Sir Amyas Morse, head of the independent parliamentary body, said: “There are signs that forces are already experiencing financial strain and struggling to deliver effective services to the public.
“If the Home Office does not understand what is going on it will not be able to direct resources to where they are needed, with the risk that the situation could get worse.”
Meg Hillier, chairman of the Commons Committee of Public Accounts, added: “The Government does not seem to understand the impact of this on local policing. The Home Office needs to get a grip on police funding to make sure it is not only sustainable, but also that funding is getting to where it is most needed.”

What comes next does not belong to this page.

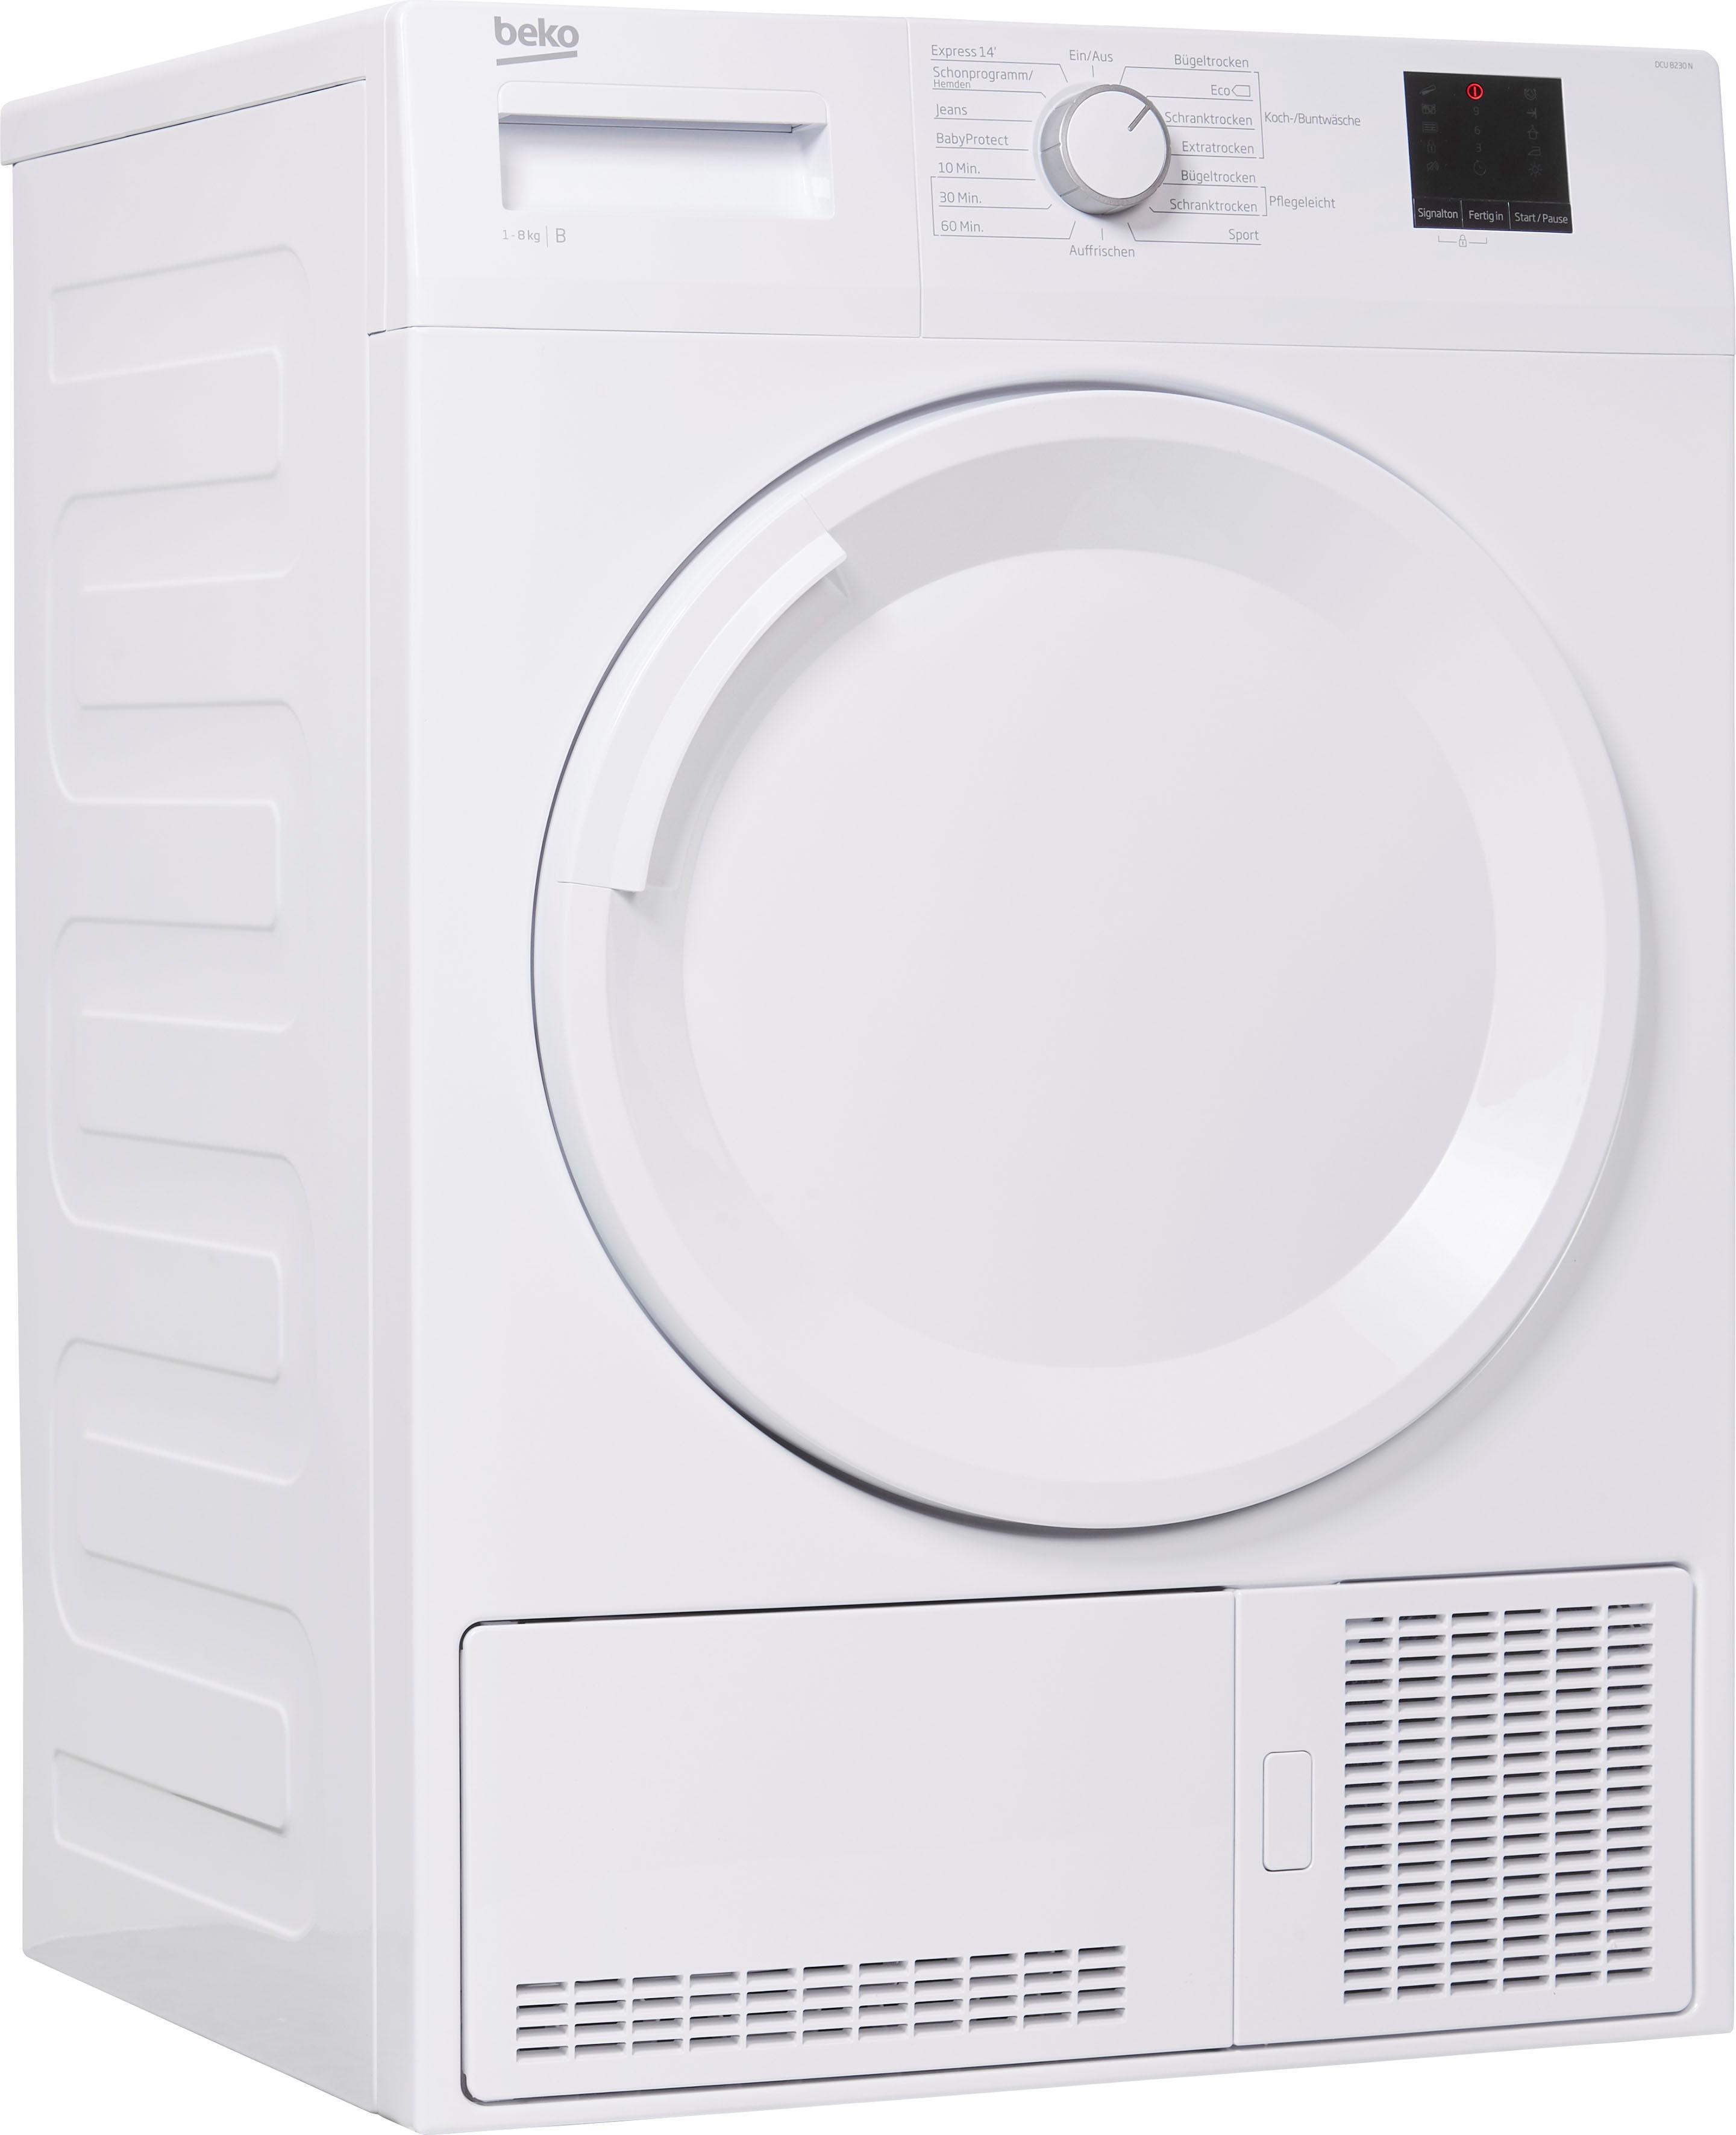 BEKO Kondenstrockner DCU 8230 N 8 kg   Bad > Waschmaschinen und Trockner > Kondenstrockner   Weiß   Beko

The Times notes that recently released “figures showed that hundreds of thousands of domestic burglaries, vehicle thefts and shoplifting cases are closed without a suspect being identified”. An internal Home Office report in November “concluded that the police were facing increased pressure in meeting demand for their services, fuelled partially by the terrorist threat and a rise in sexual offences, which are more costly to investigate”, the newspaper adds.
Responding to the NAO report, a Home Office spokesperson said: “Our decision to empower locally accountable police and crime commissioners to make decisions using their local expertise does not mean we do not understand the demands on forces.
“The report does not recognise the strengths of PCCs and chief constables leading on day-to-day policing matters, including on financial sustainability.”